• **WHAT YOU WILL DO**
Retype all of the listing exactly, passing over any picture you find.

• **DATA EXTRACT**
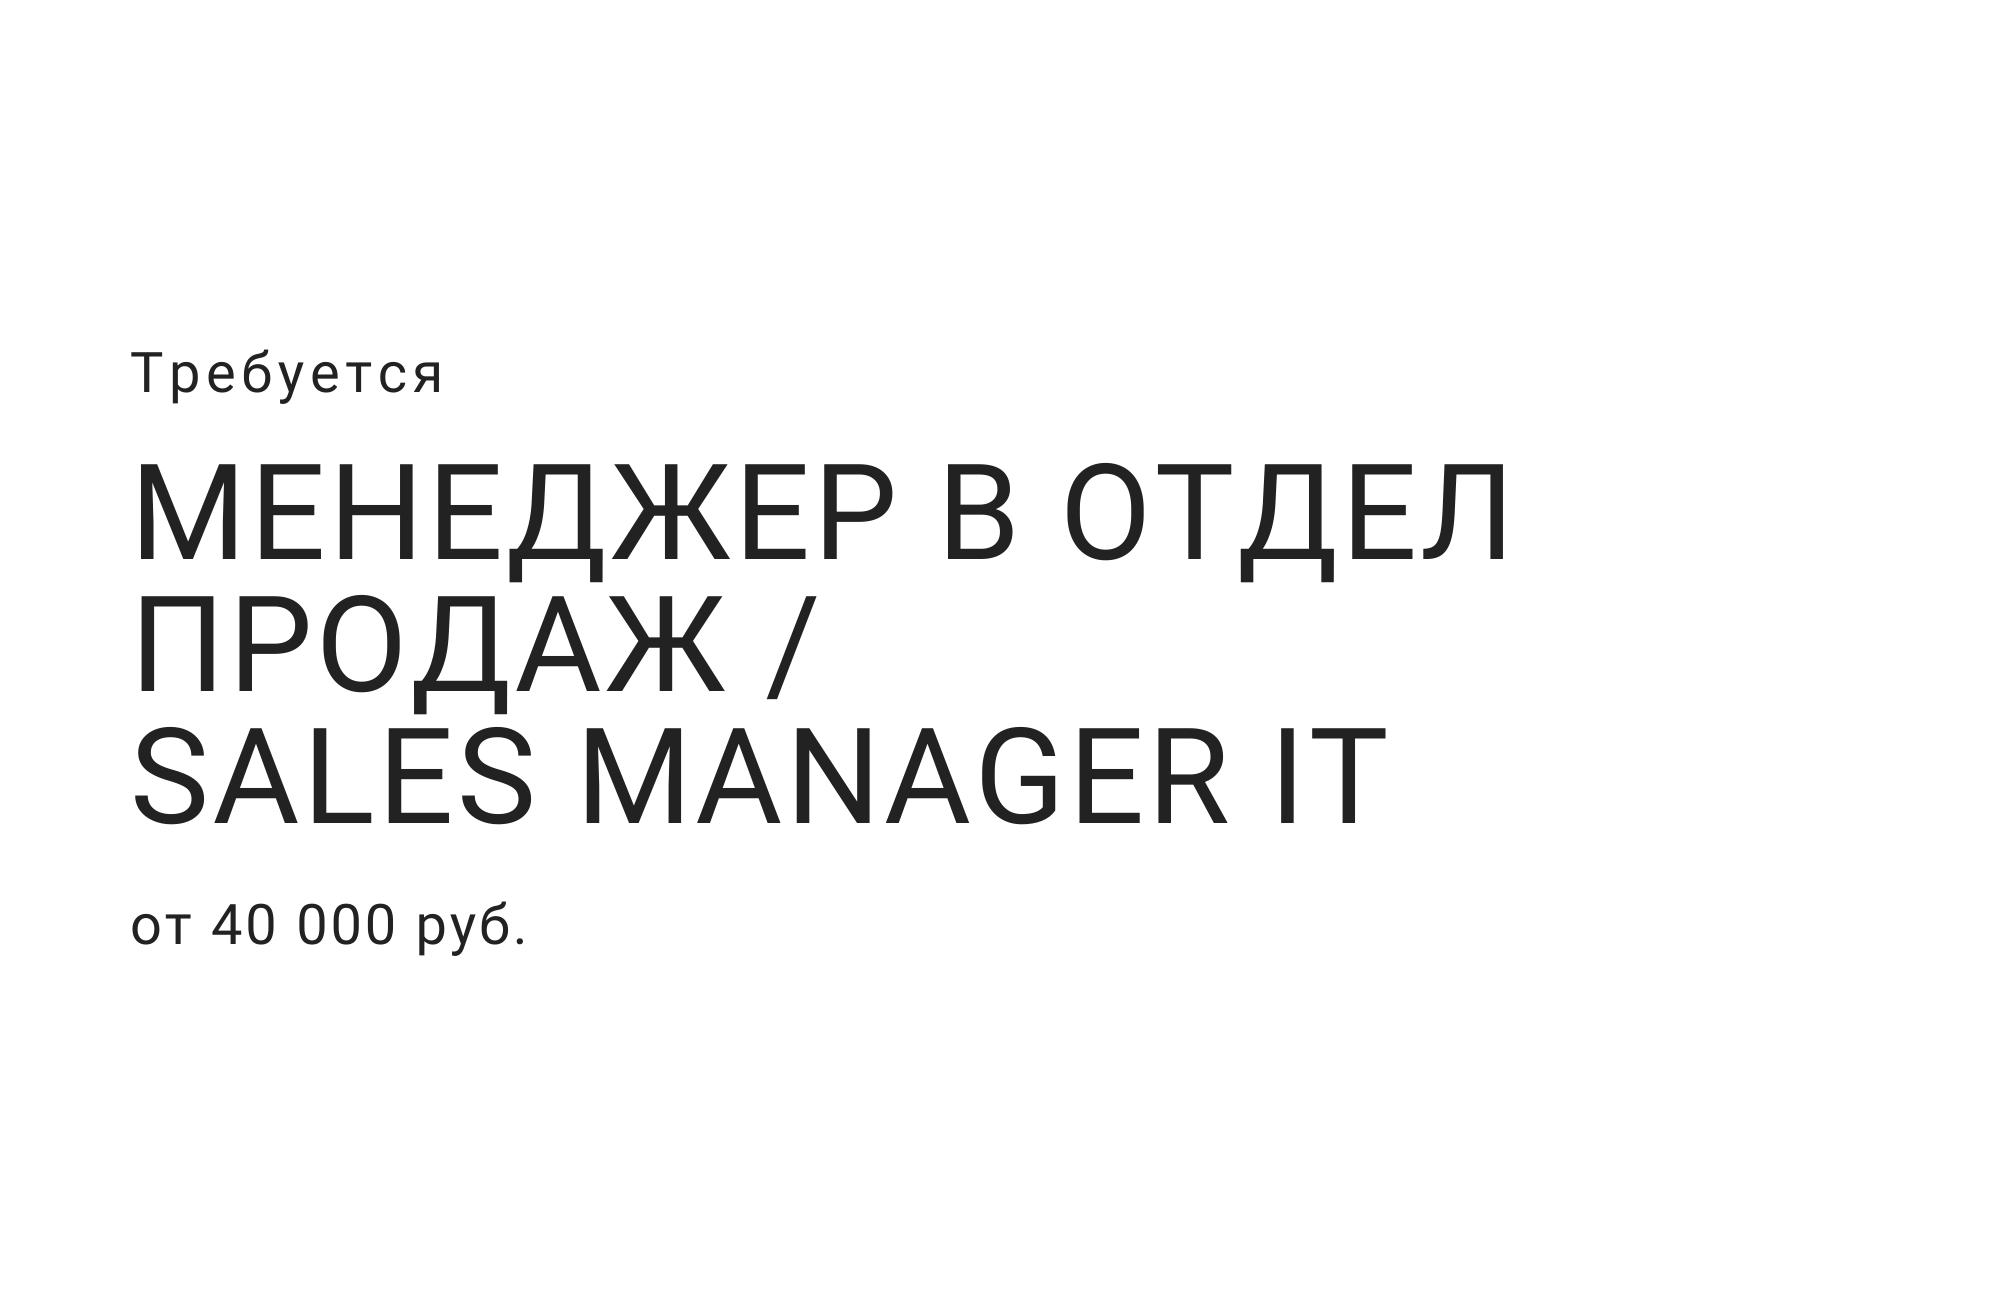 Sales manager IT / Менеджер в отделе продаж IT
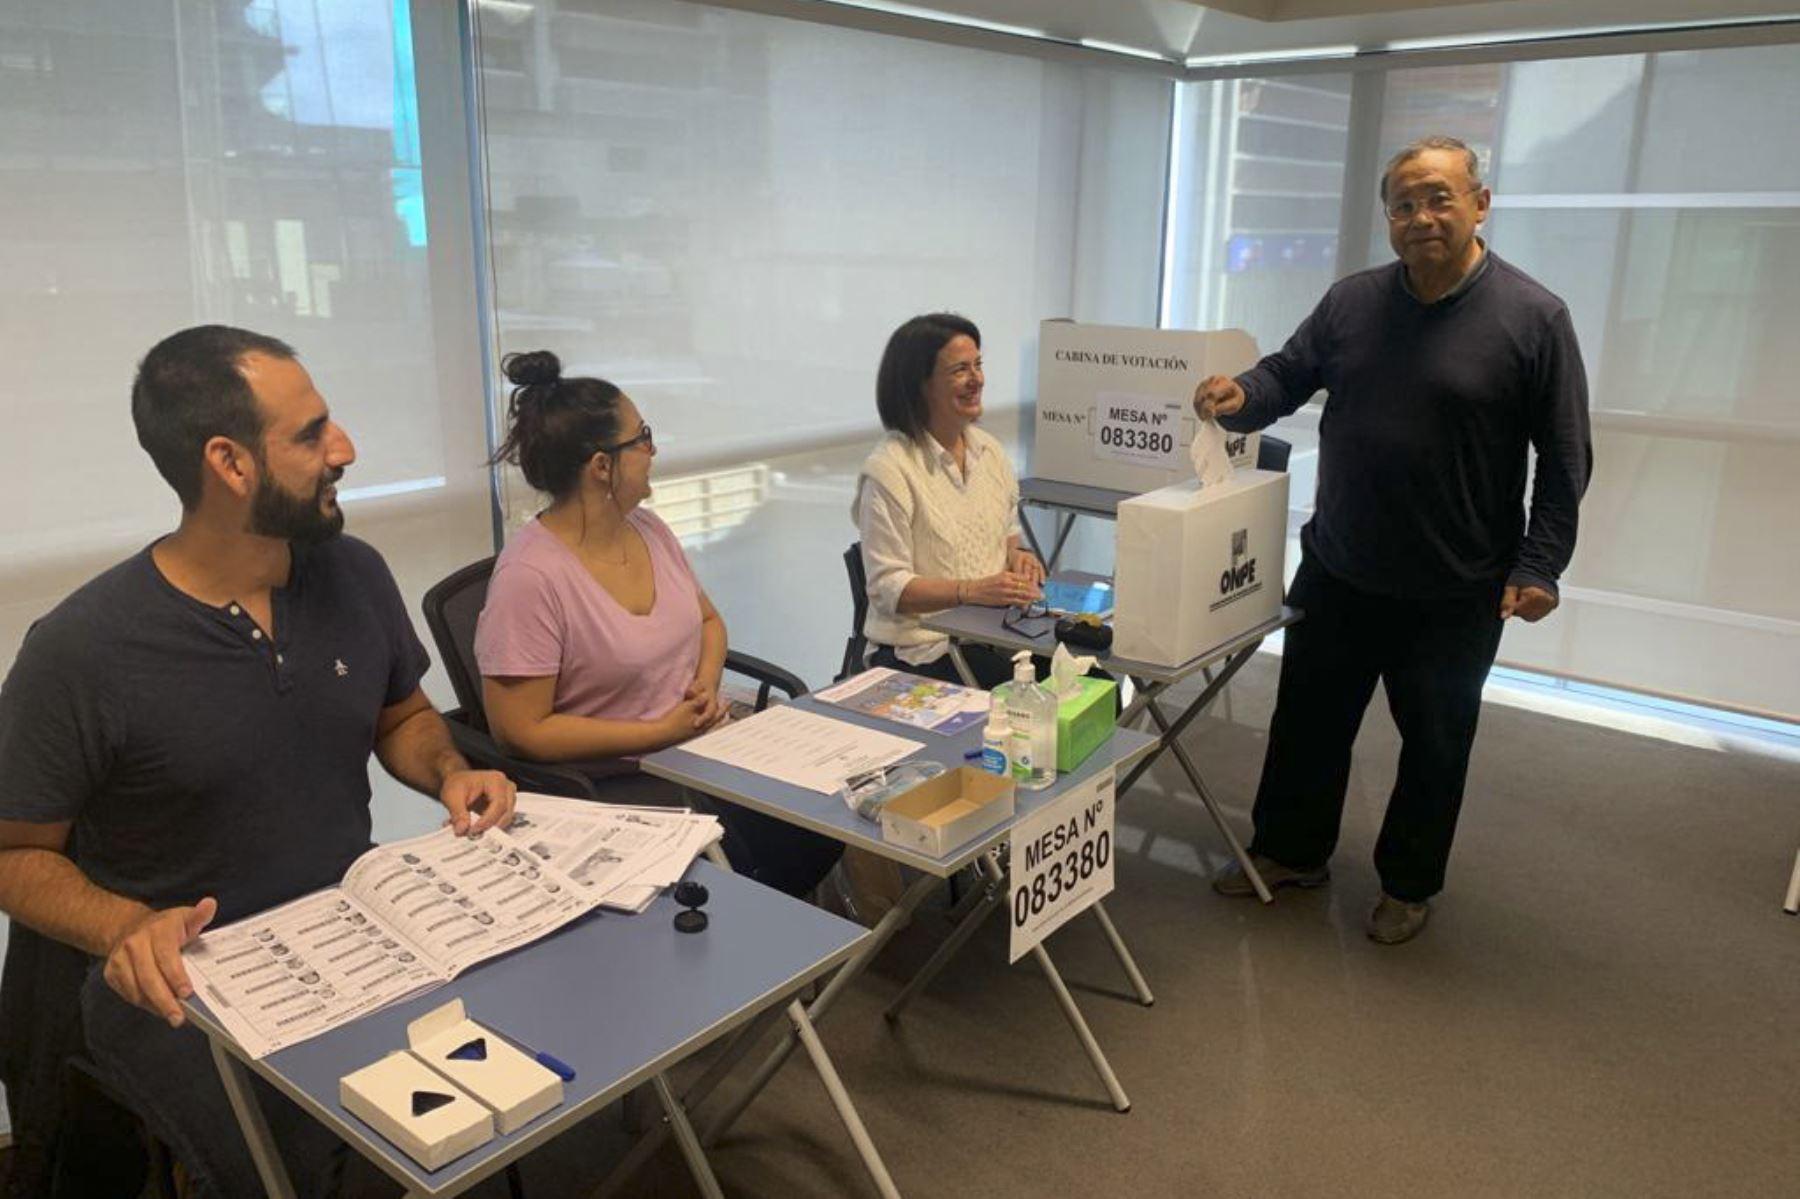 Se da inicio a las Elecciones 2021 en el exterior con la participación de nuestros connacionales en Wellington y Auckland, Nueva Zelanda. Foto: ANDINA/Cancilleria
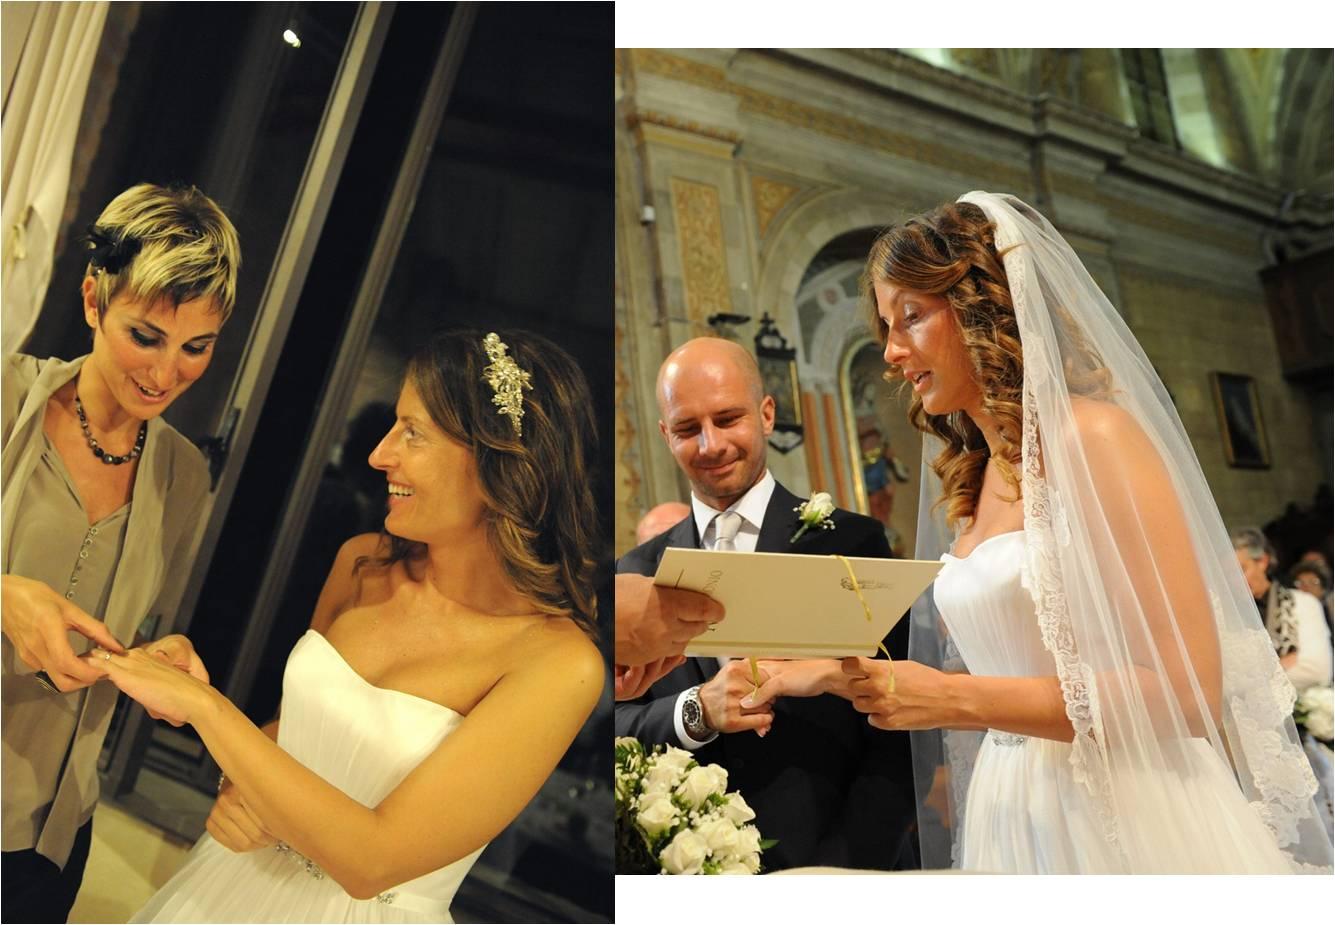 Jenny testa wedding

• **SOLUTION FOR THIS EXERCISE**
 Sales manager IT / Менеджер в отделе продаж IT
 Se da inicio a las Elecciones 2021 en el exterior con la participación de nuestros connacionales en Wellington y Auckland, Nueva Zelanda. Foto: ANDINA/Cancilleria
 Jenny testa wedding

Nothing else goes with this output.